To work around it, I'm trying to implement the following
logic: "if the attribute is mapping a bidirectional
relationship which is not owned by this entity, then do an
outer join and apply a condition on the corresponding
relationship attribute of the target entity".
The simple case would be:
Predicate predicate = cb.equal(from.get(attribute),
exampleValue);
which substantially is: "WHERE MyEntity.attribute =
<exampleValue>"
But if exampleValue is NULL and attribute is a
@OneToOne(mappedBy="inverseAttributeName"), so it's mapped to
a non-owned relationship, I have to do a different thing to
work around the aforementioned bug.
So, I have:
- attribute, which is a SingularAttribute
- attributeType, which is the attribute type (
attribute.getType() )
- if
attributeType.getPersistenceType() ==
PersistenceType.ENTITY (=> a relation
attribute) then I get:
DatabaseMapping mapping = ((SingularAttributeImpl)
attribute).getMapping();
The DatabaseMapping object is promising, because it has the
method getRelationshipPartnerAttributeName() (or even
getRelationshipPartner()) which, if I understand it correctly,
should give me the attribute name of the related entity, if
this is a bidirectional mapping.
However what I see while debugging is that both methods always
return null (also the protected field "mapping.mappedBy" is
null!!), even if attribute is a SingularAttributeImpl of an
attribute which is mapped like this:
@OneToOne(cascade = CascadeType.ALL, fetch =
FetchType.LAZY, mappedBy = "inverseAttributeName", optional
= true, orphanRemoval = true)
and the inverse mapping is present (so the relationship
actually *is* bidirectional):
@Id @OneToOne(fetch = FetchType.EAGER, optional = false)
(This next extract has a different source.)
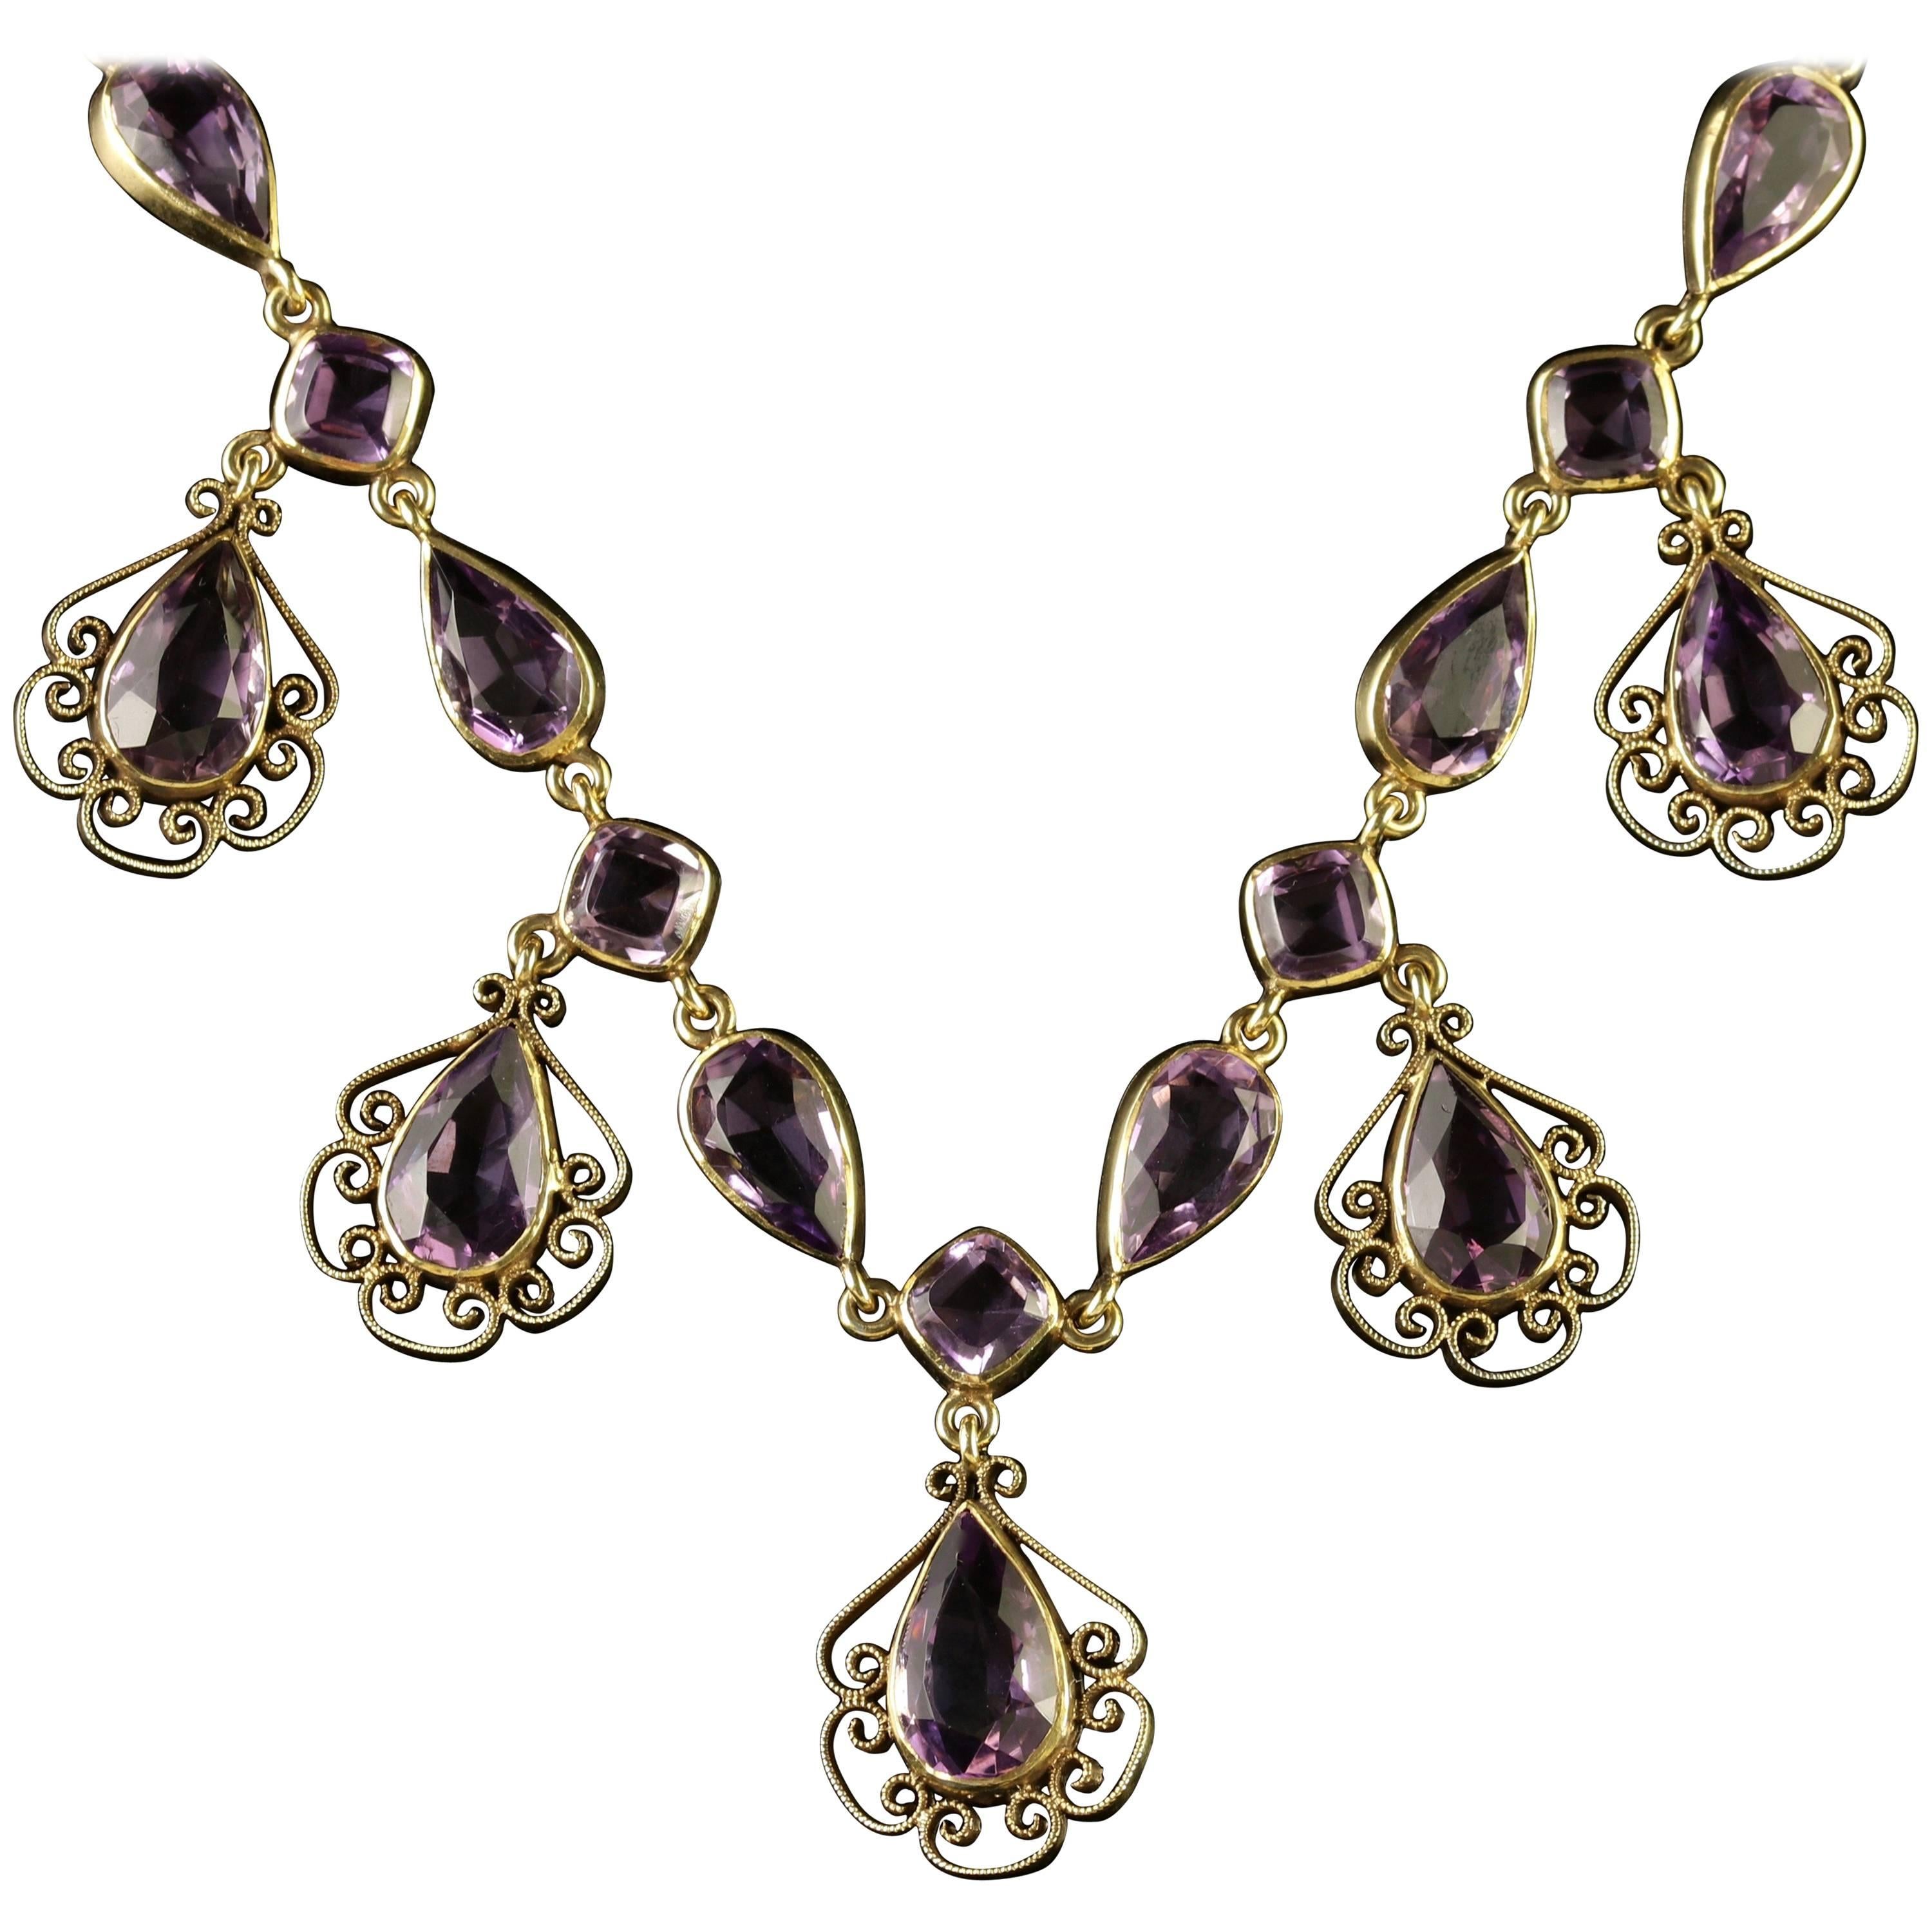 Antique Victorian Amethyst Gold Garland Necklace, circa 1900 For Sale
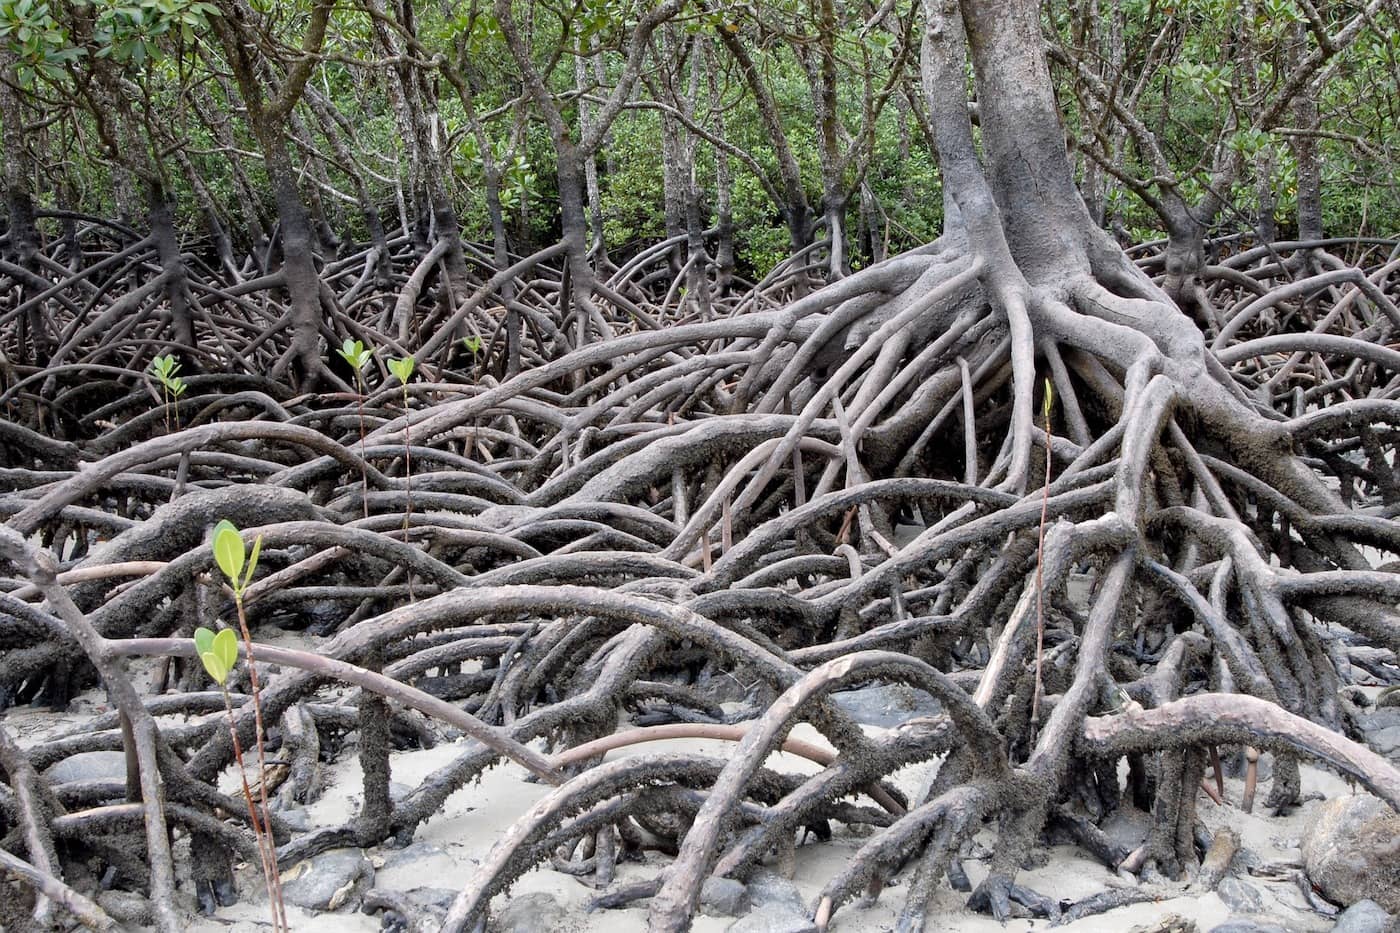 Hundreds of mangrove roots emerge from the ground and arc back into the ground

Something similar seems to be the fields
mapping.targetToSourceKeyFields and
mapping.sourceToTargetKeyFields, but those are maps containing
DatabaseFields, not attributes, so I doubt I can use them to
build my query (unless, of course, I am lucky and the
attribute name matches the database column name).
On the other hand, I can't find anything else useful in
SingularAttributeImpl (not to say the plain JPA interface...)
to get the desired result.
I'm almost at it, but I already spent a lot of time on this
final detail without success :-(
Any help would be *really* appreciated.